On Friday, the IRS issued final regulations governing Section 199A of the tax code. The rule confirms that owners and shareholders of insurance agencies and brokerages organized as pass-through entities are eligible for a tax deduction of up to 20% on “qualified business income”—regardless of taxable income level. The deduction is available for taxable years 2018 through 2025.
The new deduction reduces the top effective tax rate on pass-through income to approximately 29% from 37%. For those in the 24% bracket, it can reduce the rate to as low as 19.2%.
The regulation is a significant government affairs victory for Big “I” member agencies. Since passage of the 2017 tax reform law, the Big “I” has been aggressively advocating before Congress and the Trump Administration to ensure that insurance agencies and brokerages organized as pass-through entities fully benefit from tax reform.
The final regulation is substantially similar to a draft regulation released in August. Under the regulation, owners and shareholders of insurance agencies and brokerages where the owner or shareholder’s annual taxable income does not exceed $315,000 for joint filers and $157,500 for single filers in 2018 can take a 20% deduction on qualified business income.
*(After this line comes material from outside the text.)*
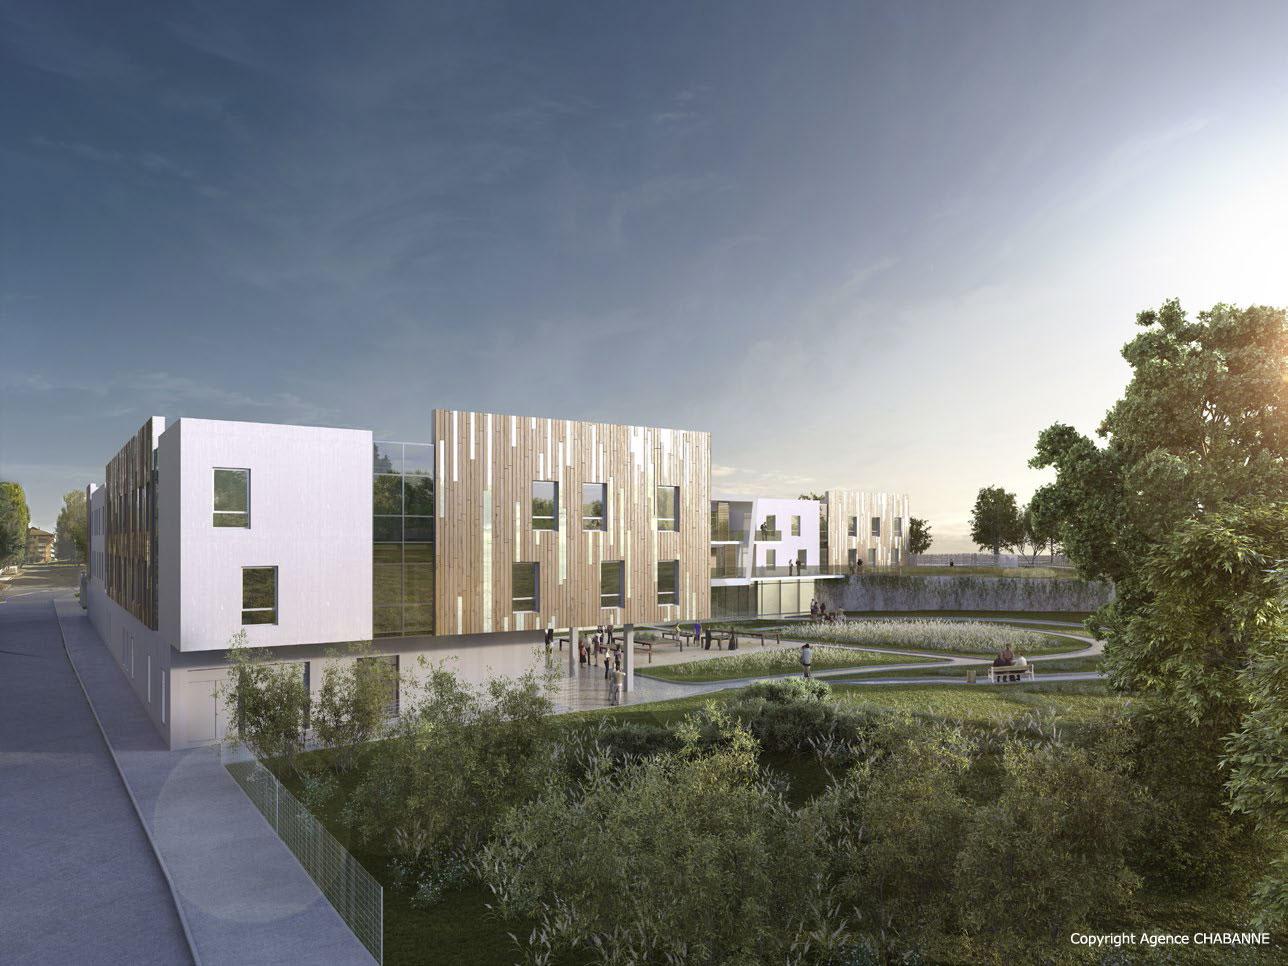 Architecture Ehpad innovante: l'agence  CHABANNE conçoit un Ehpad comme un Village avec ses villas et sa place animée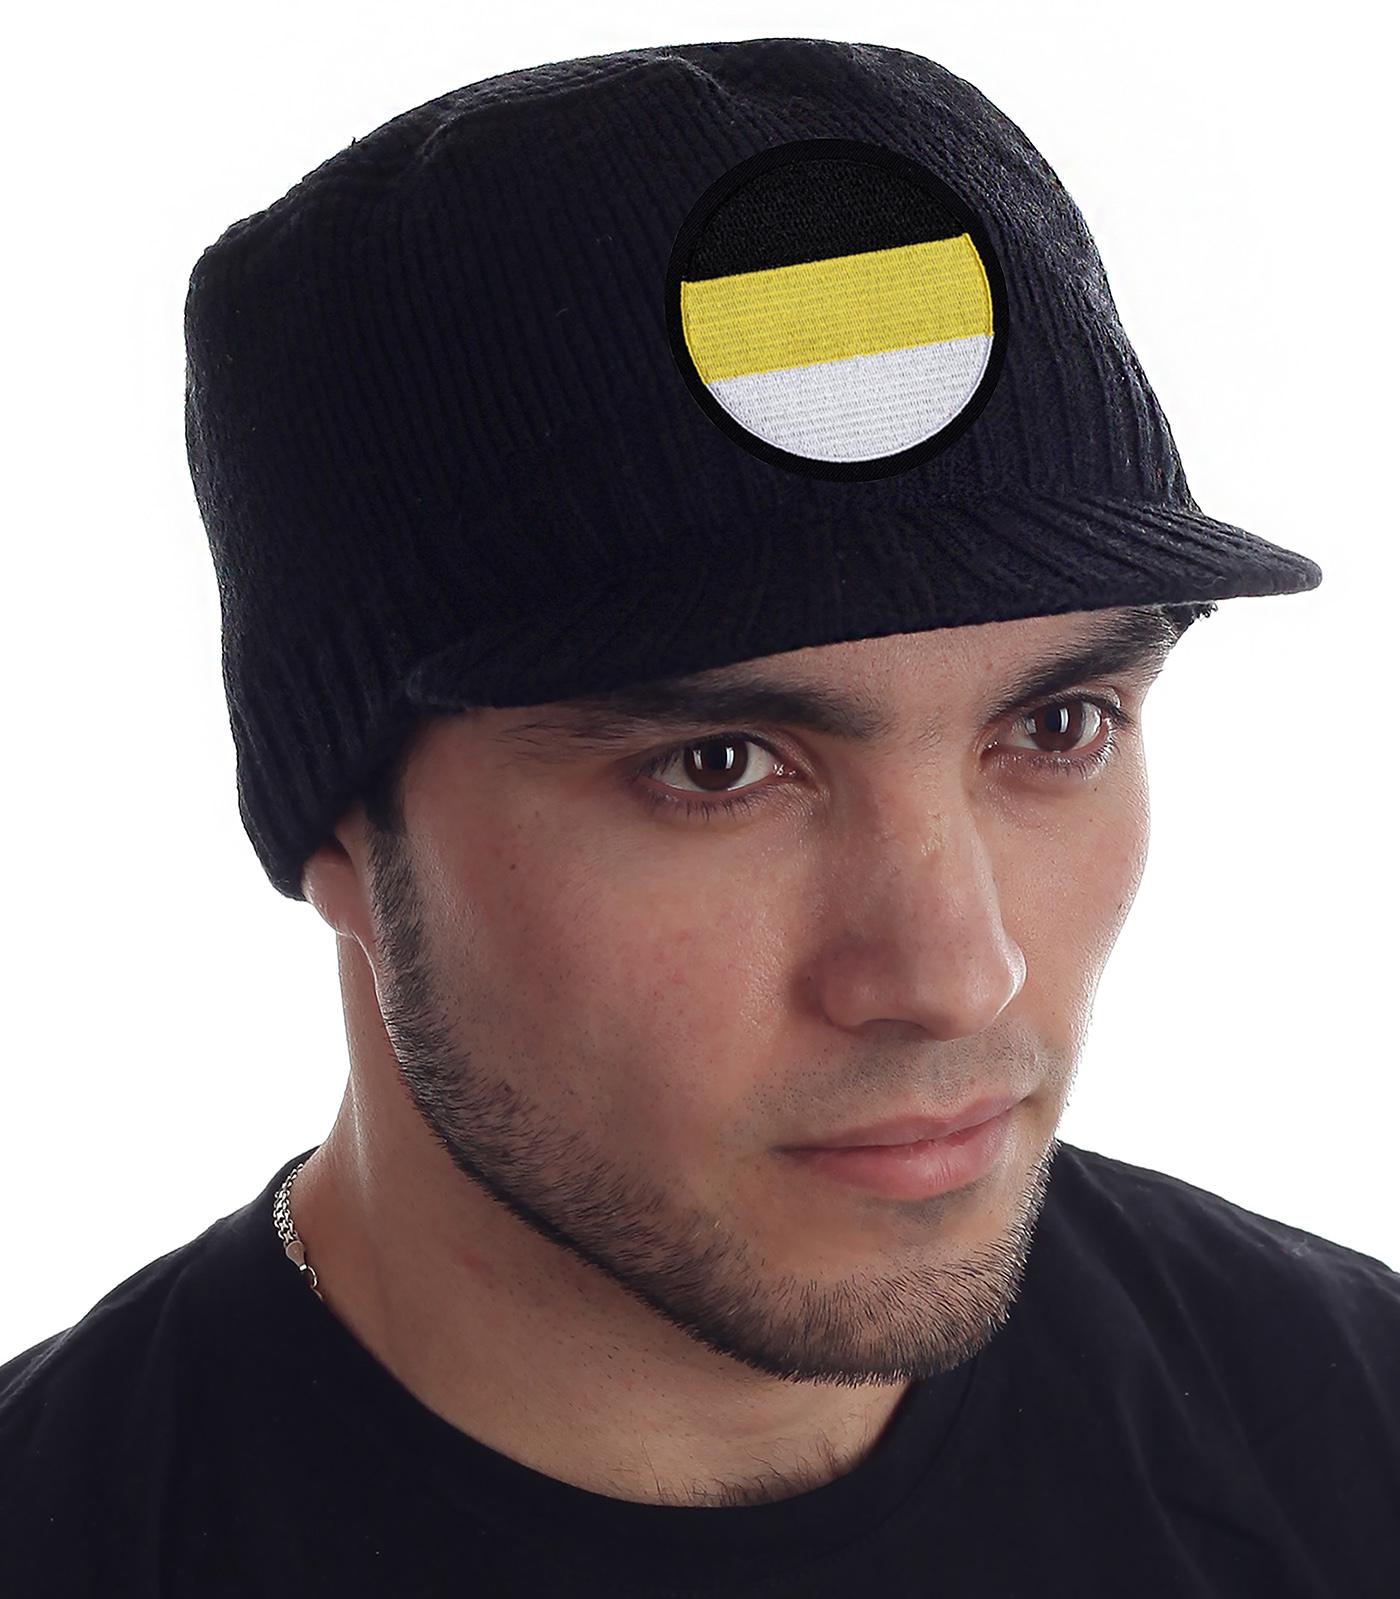 Недорогие теплые шапки кепки для парней и мужчин. Фасон подходит всем!

For insurance agencies and brokerages where the owner or shareholder’s annual taxable income exceeds these levels, the deduction is available for qualified business income derived from the sale and servicing of insurance products. However, the deduction may be limited on income derived from consulting or financial services activities if that non-traditional income exceeds certain de minimis thresholds. Additionally, above these same income levels, the total amount of the deduction cannot exceed 50% of employee W-2 wages, or 25% of W-2 wages plus 2.5% of capital assets, such as tangible property purchased for the business—whichever is greater.
Owners and shareholders of insurance agencies and brokerages organized as pass-through entities can take full advantage of the 20% deduction, no matter their taxable income levels, because the IRS does not consider the sale and servicing of insurance products to be a “specified service trade or business.” Other professions such as doctors, lawyers, accountants, stock brokers and certain consulting and financial advisory activities are a “specified service trade or business” under the regulation.
Owners and shareholders of “specified service trades and businesses” with annual taxable income between $315,000 and $415,000 (joint) and $157,500 and $207,500 (single) will slowly see the deduction phased out. Those above $415,000 (joint) and $207,500 (single) are prohibited from utilizing the new deduction.
While a major victory Big “I” members, the regulations are complex. The Big “I” encourages members—especially those who derive income from non-traditional activities—to consult a tax professional to determine how the new deduction specifically impacts their businesses.
Jennifer Webb is Big “I” federal government affairs counsel.